For right now, var_dump() the Exception object:

74 lines | lib/Service/ShipLoader.php
// ... lines 1 - 8
class ShipLoader
{
// ... lines 11 - 60
private function queryForShips()
{
try {
// ... line 64
} catch (\Exception $e) {
var_dump($e);
// ... lines 67 - 69
}
}
}

Ok, this object is actually a PDOException. Two Important things: all exceptions are objects, and all exception classes ultimately extend PHP's base Exception class. So if you could look at the source code for PDOException, you'd see that it extends Exception:

And this ends up giving us a lot more flexibility when working with exceptions. Why? Remember, we're pretending that - for some reason - we occasionally have some database problems that cause a PDOException to be thrown. When that happens, we want to recover and just show zero ships. And we've got that.

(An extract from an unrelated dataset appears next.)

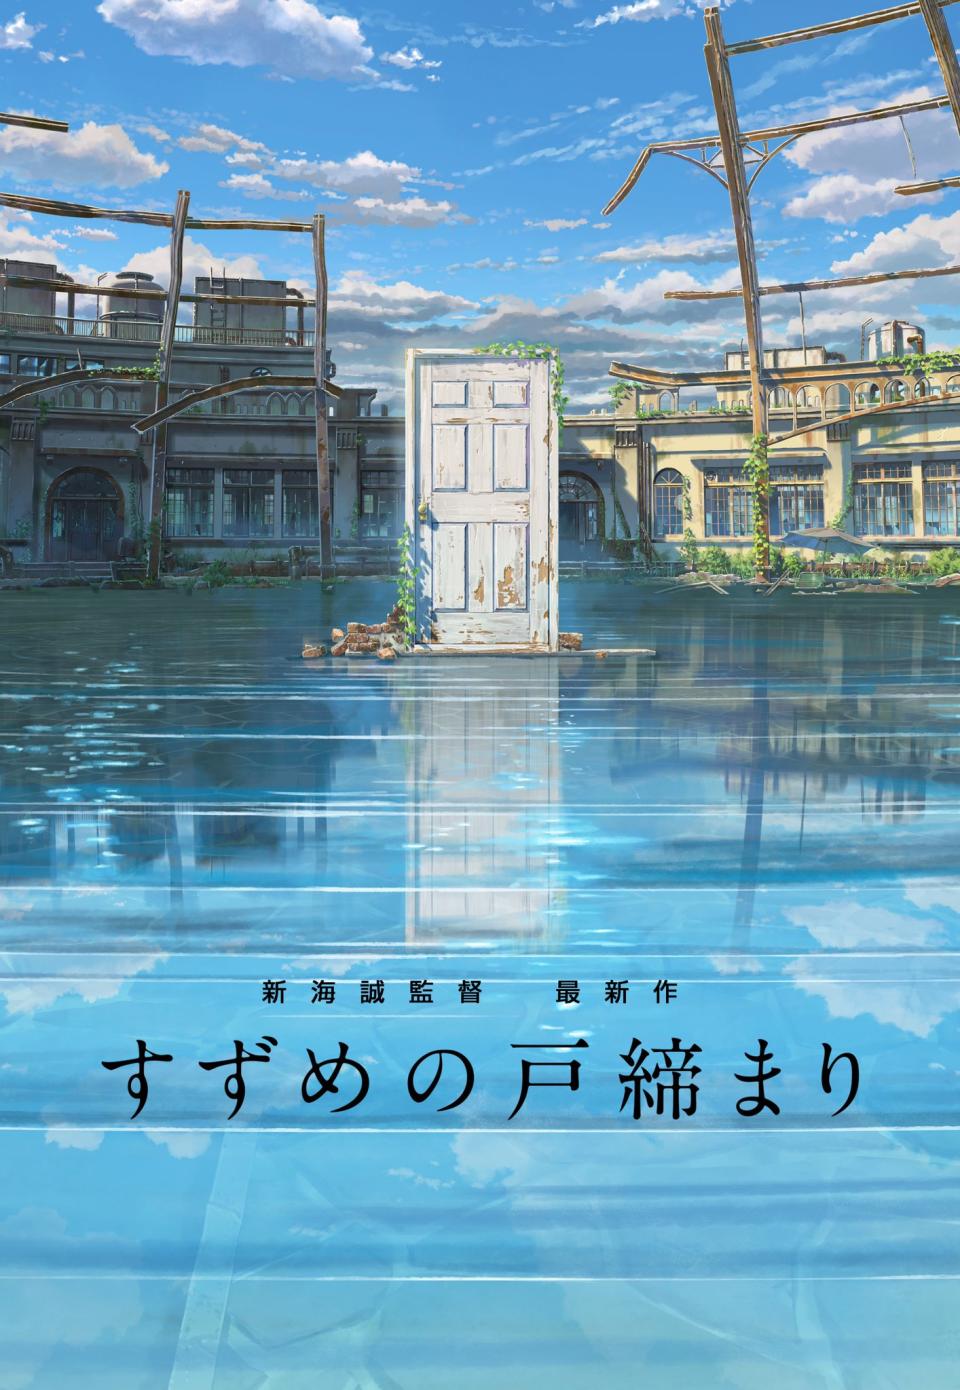 Teaser art of Suzume No Tojimari, a new film by Makoto Shinkai. (Image: Twitter/shinkaimakoto)

But what if something else goes wrong inside fetchAllShipsData() that has nothing to do with talking to the database. Well, that would be truly unexpected, and in those cases, I want to let the exception be thrown like normal so we can see it while we're developing.

So here's the question: how can we catch PDOException objects, but not any others? By changing the catch to \PDOException:

73 lines | lib/Service/ShipLoader.php
// ... lines 1 - 8
class ShipLoader
{
// ... lines 11 - 60
private function queryForShips()
{
try {
// ... line 64
} catch (\PDOException $e) {
trigger_error('Database Exception! '.$e->getMessage());
// ... lines 67 - 68
}
}
}

I'll also change the message to "Database Exception".

Refresh! Cool: it still catches that exception. But check this out: go back into PdoShipStorage and - before the query - throw a different exception: there's one called InvalidArgumentException:

36 lines | lib/Service/PdoShipStorage.php
// ... lines 1 - 4
class PdoShipStorage implements ShipStorageInterface
{
// ... lines 7 - 13
public function fetchAllShipsData()
{
throw new \InvalidArgumentException('something else went wrong!');
// ... lines 17 - 20
}
// ... lines 22 - 34
}

There's nothing special about this class: PHP has several built-in exceptions, and you can use whatever one feels right for your scenario.

But, it should not be caught by our try-catch. Try it out.

Yes! It totally kills the page.

Exceptions are something that you'll get used to leveraging as you develop more. But here's the key takeaway: when things go wrong, throw an exception.

Don't Get Too Clever

Oftentimes, I see people try to not throw exceptions. Instead, they try to recover in some way. Don't do that. I would rather throw an exception, see the error in my error log and fix it than try to render a broken page and never realize that there's a bug in my code.

In fact, most frameworks have a pretty easy way to automatically notify you - like via Slack or by email - whenever an exception is thrown on your site.

Let's fix our code: take out the throw new exception and change the table back to ship. All better.